**GIVEN MATERIAL:**
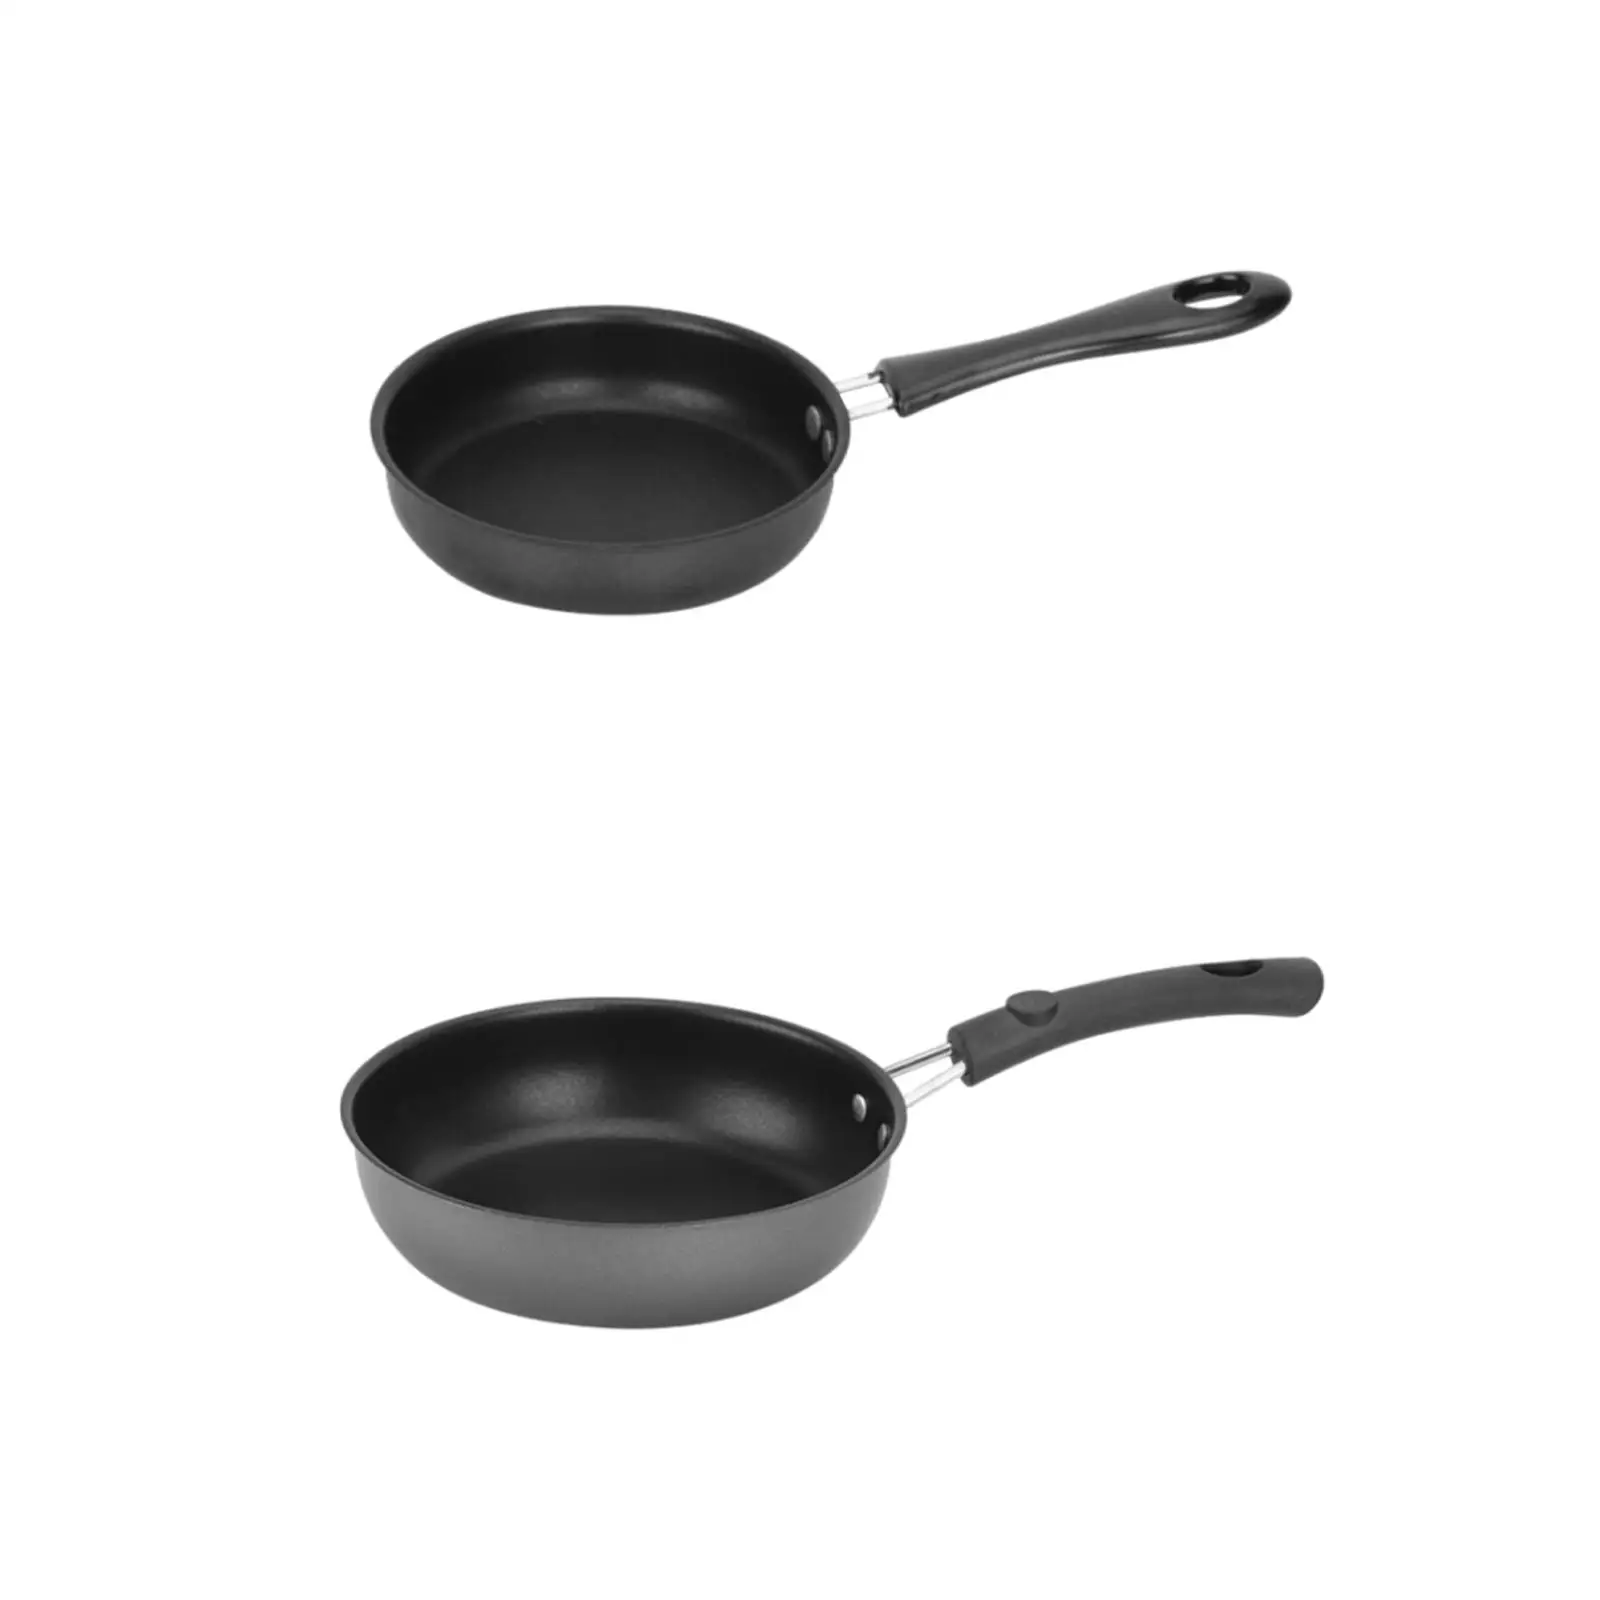 Fry Pan 3 Layer with Long Handle Egg Frying Pan Induction Cooker Kitchen
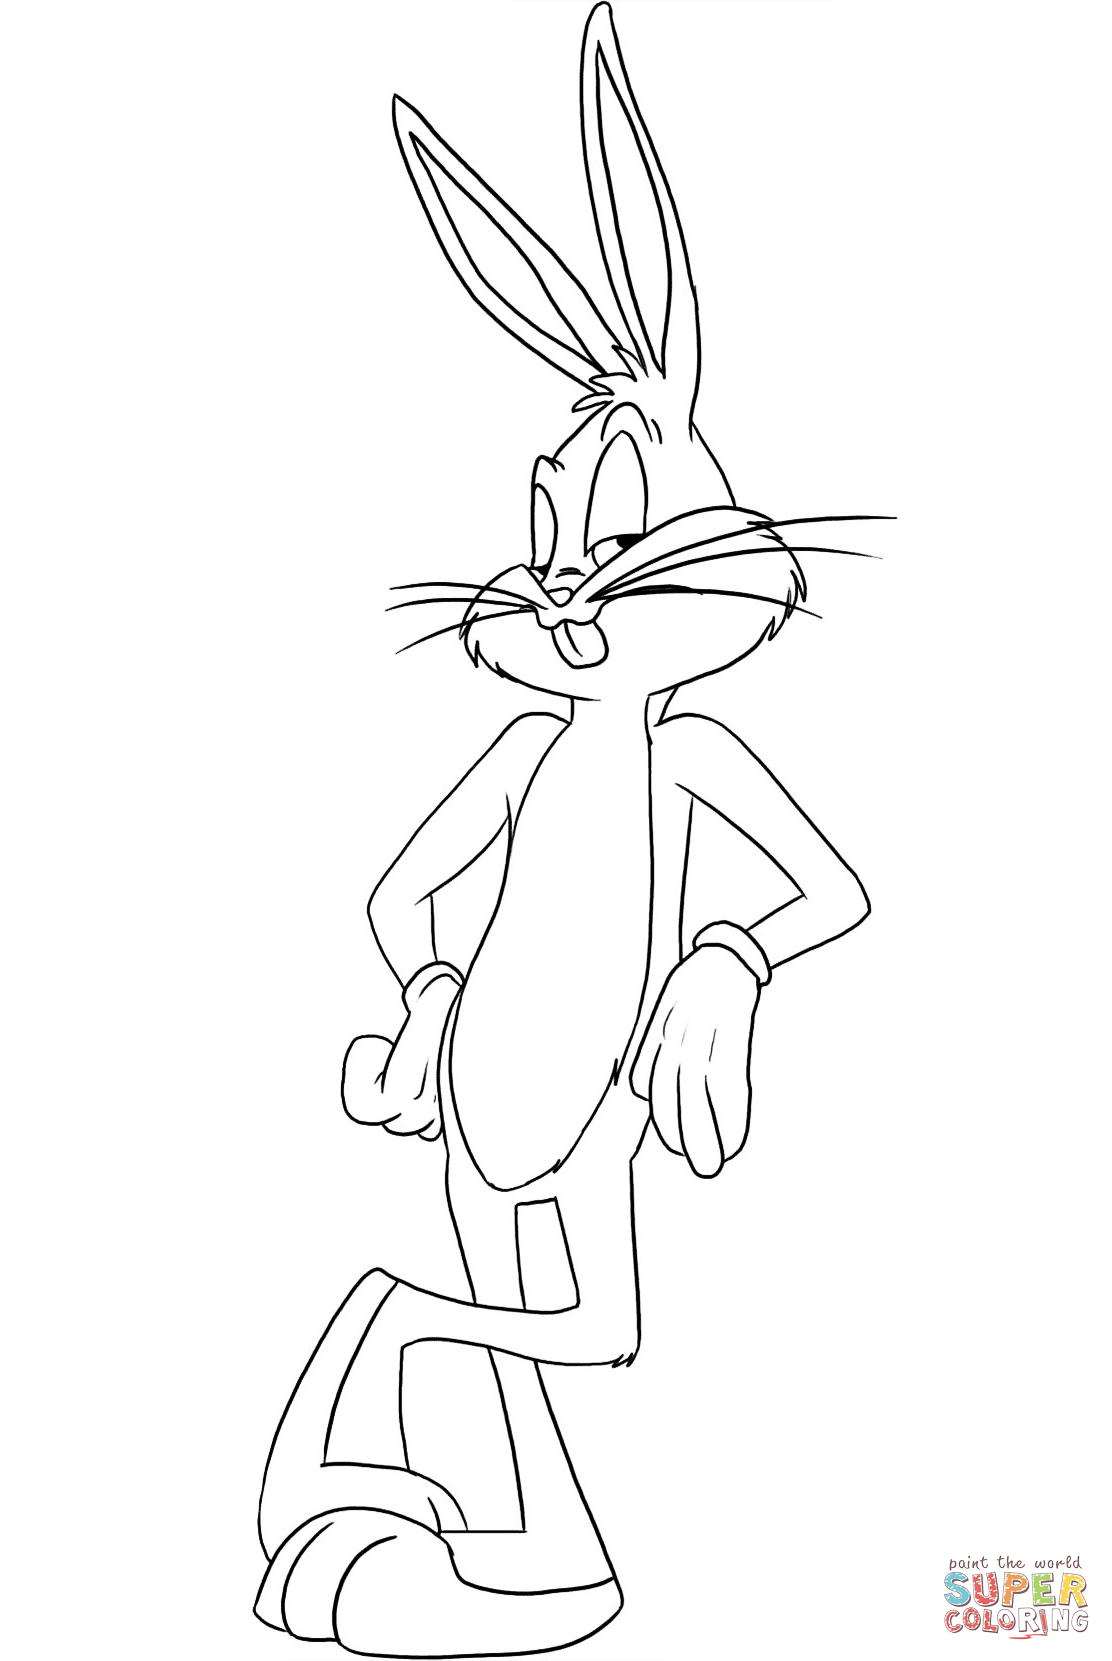 Bugs Bunny | My Art Work In 2019 | Pinterest | Bunny Coloring Pages - Free Printable Bugs Bunny Coloring Pages
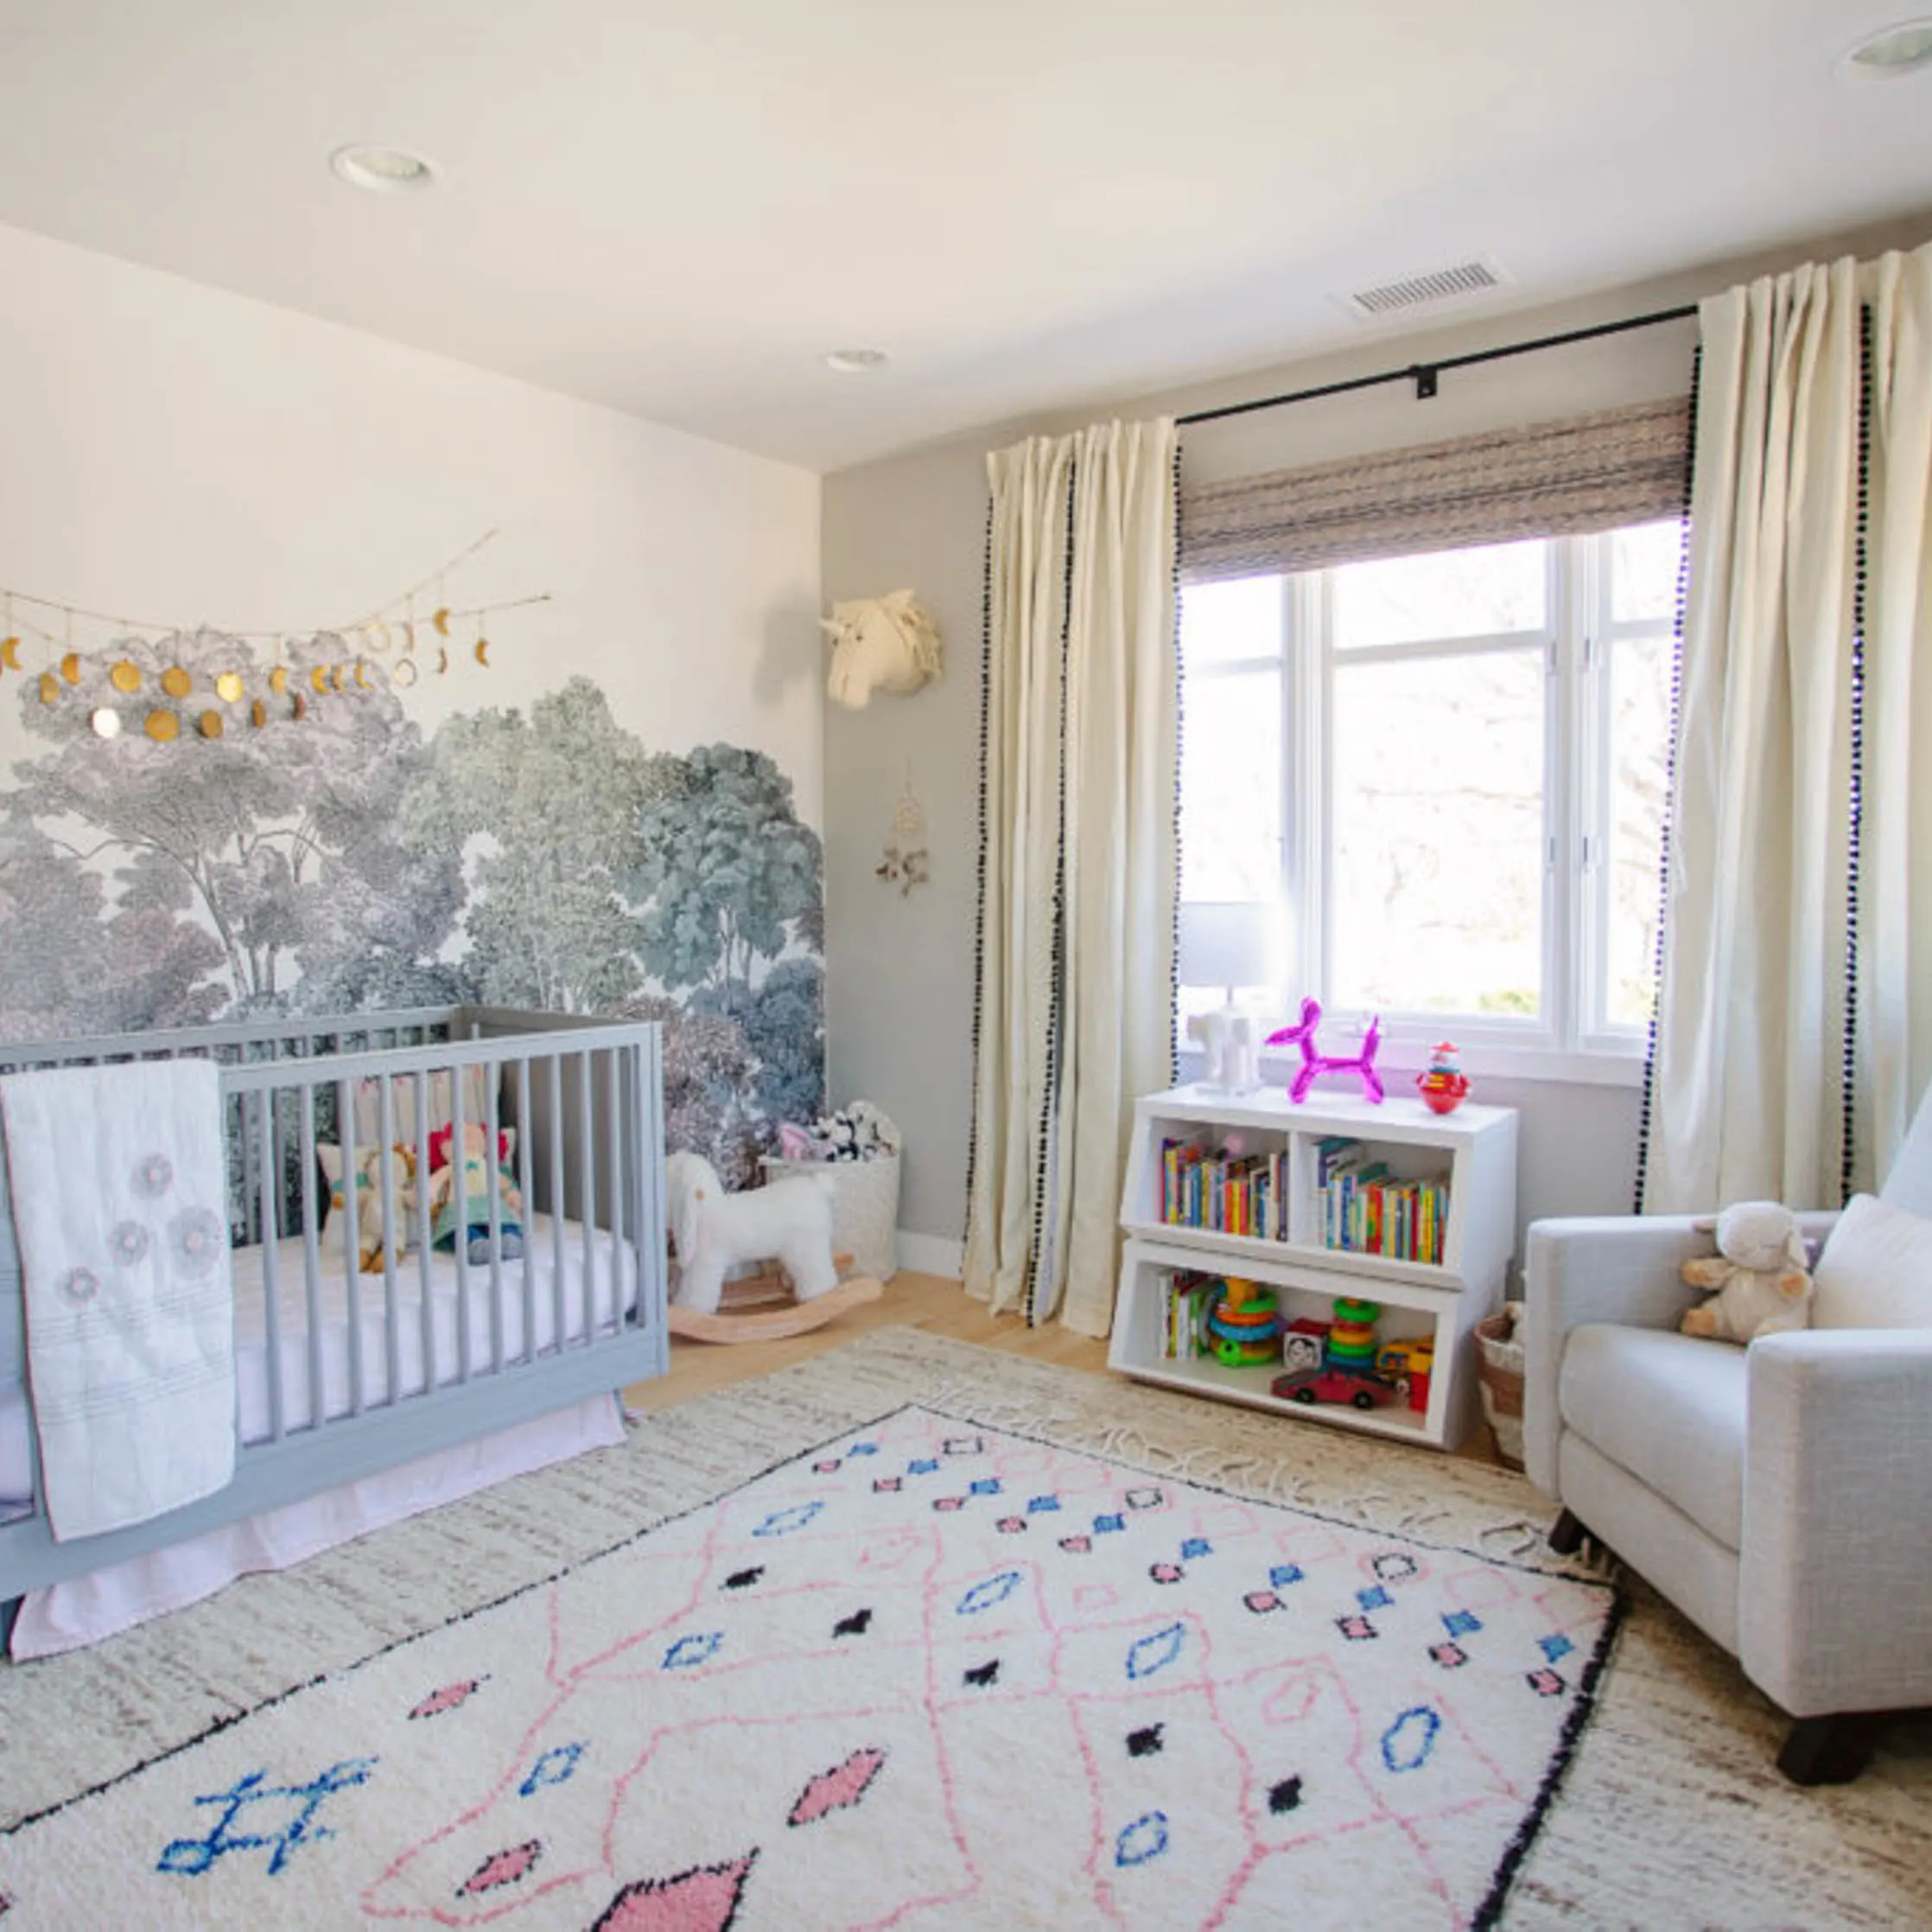 How to Choose a Rug for the Nursery

**TASK TO COMPLETE:** Reproduce all the data as it stands. The pictures are not part of the copy.

**TASK RESULT:**
 Fry Pan 3 Layer with Long Handle Egg Frying Pan Induction Cooker Kitchen
 Bugs Bunny | My Art Work In 2019 | Pinterest | Bunny Coloring Pages - Free Printable Bugs Bunny Coloring Pages
 How to Choose a Rug for the Nursery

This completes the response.